Filling Marshfield High School’s more than 1,100-seat auditorium for a pair of classical music concerts is an admittedly tough row to hoe, but Matthews is game.
“Advertizing,” he declares. “Banners. And non-local advertizing... Medford, Ashland, Eugene. People will absolutely travel to see an orchestra of this caliber.”
He describes the thrill and inspiration he felt when the festival’s 80 musicians came together. “They played in time and in tune and with three rehearsals only! They amazed me. They don’t come here for the pay, they enjoy the city and the sights and the people.”
He remembers watching his mother, Mary Bonasera Matthews, who created and produced dance shows for North Bend High School for 16 years until her death in 2005.

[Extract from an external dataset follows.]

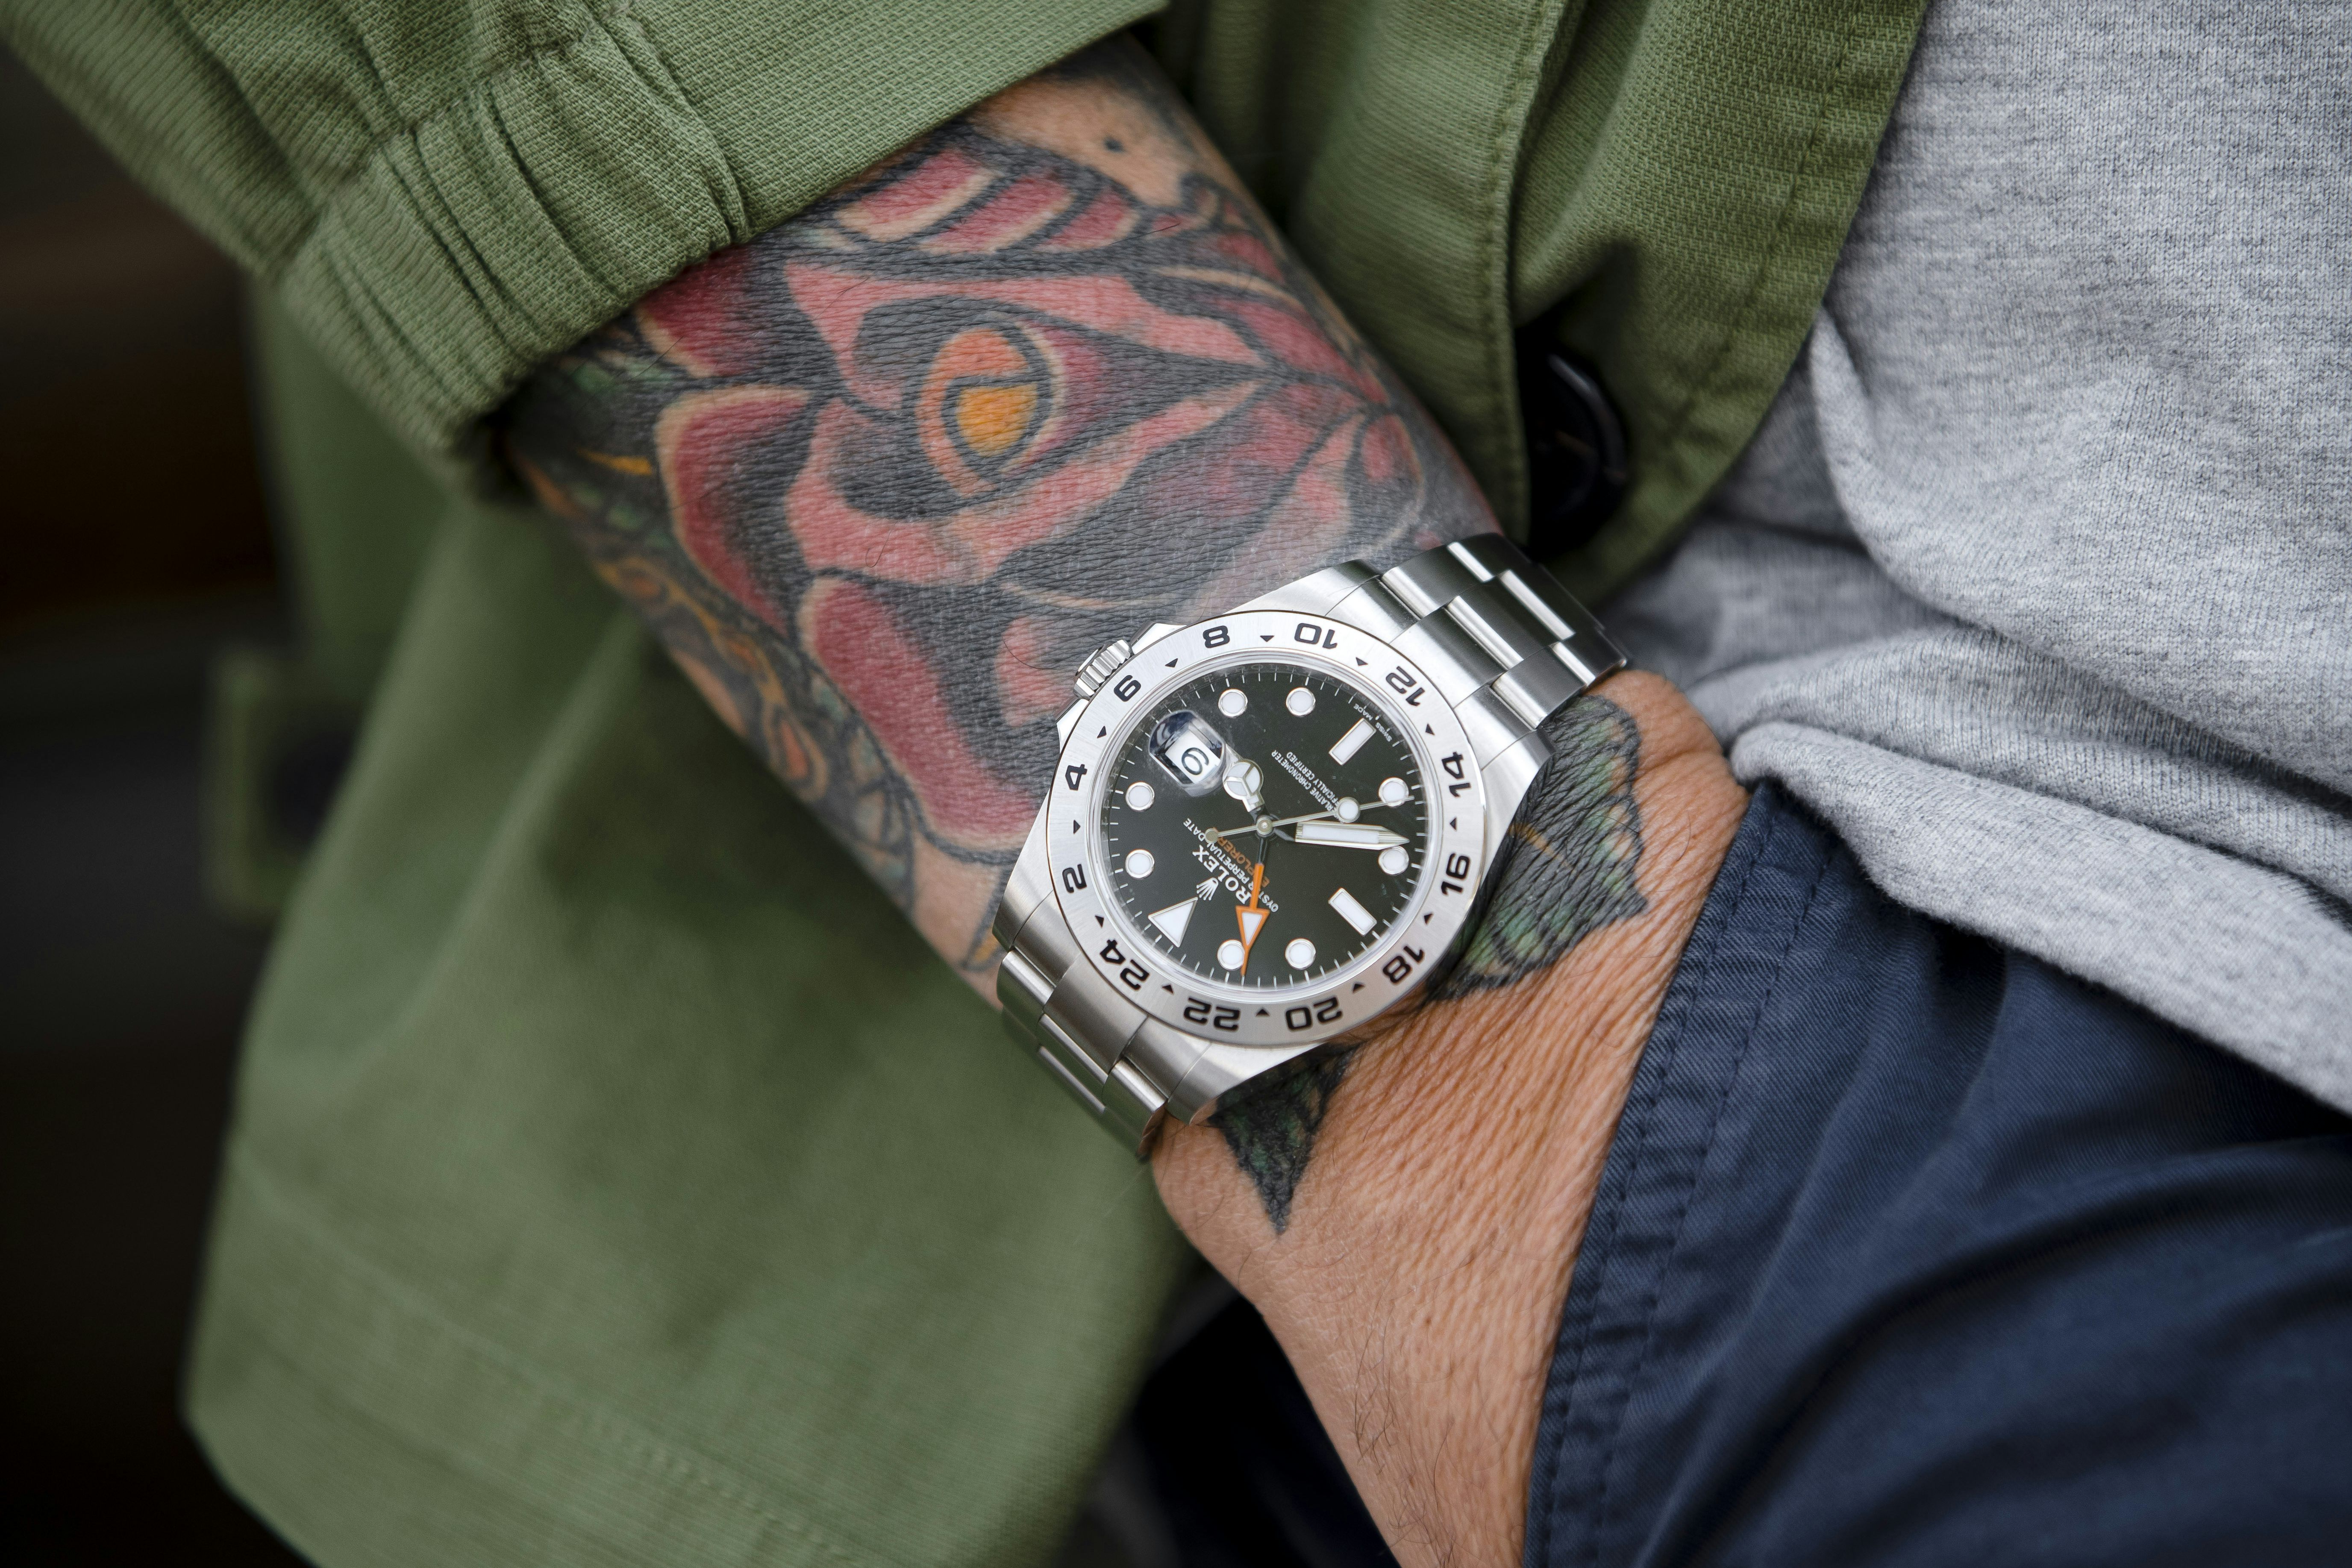 Photo Report: At Uomo - The Show Pitti 45 Street-Style Stole That Hodinkee Watches

“I saw what she did,” he says. “And it took lots of heart and soul. Time, energy ... I want to be a part of what goes on in my community. You gotta. If you want a skatepark, you have to work for it. You must be active. If you want music, you gotta participate.”
For Matthews, the summer music festival brought him “40 brand new friends,” including master cellist Andres Diaz.
“The most moving musical experience I ever had was watching Andres Diaz. And, don’t laugh,” warns Matthews, “but I told all my friends that Andres Diaz is the Jimmi Hendrix of the cello. His facial expressions! His body language! Every note he played, he was digging for it. And the orchestra behind him? They were digging it out, too. It was like watching a commander, leading his group.
“You can’t turn your back on that orchestra, on that music,” he said. “It’s too moving. Like watching a giant wave coming in. It’s powerful!”
Matthews wants to play more music for local children, so they can hear every type of music: everything from reggae, jazz, folk or Celtic.
“And the orchestra music, classical, is definitely the pinnacle,” he says. “I’d like to bring music to the table year round, so the festival has a face locally. We need a year-long presence and people more willing to help out financially.”
Controlled and careful exposure, thoughtful musical selections and a financially fertile membership base. That’s the way to grow an audience.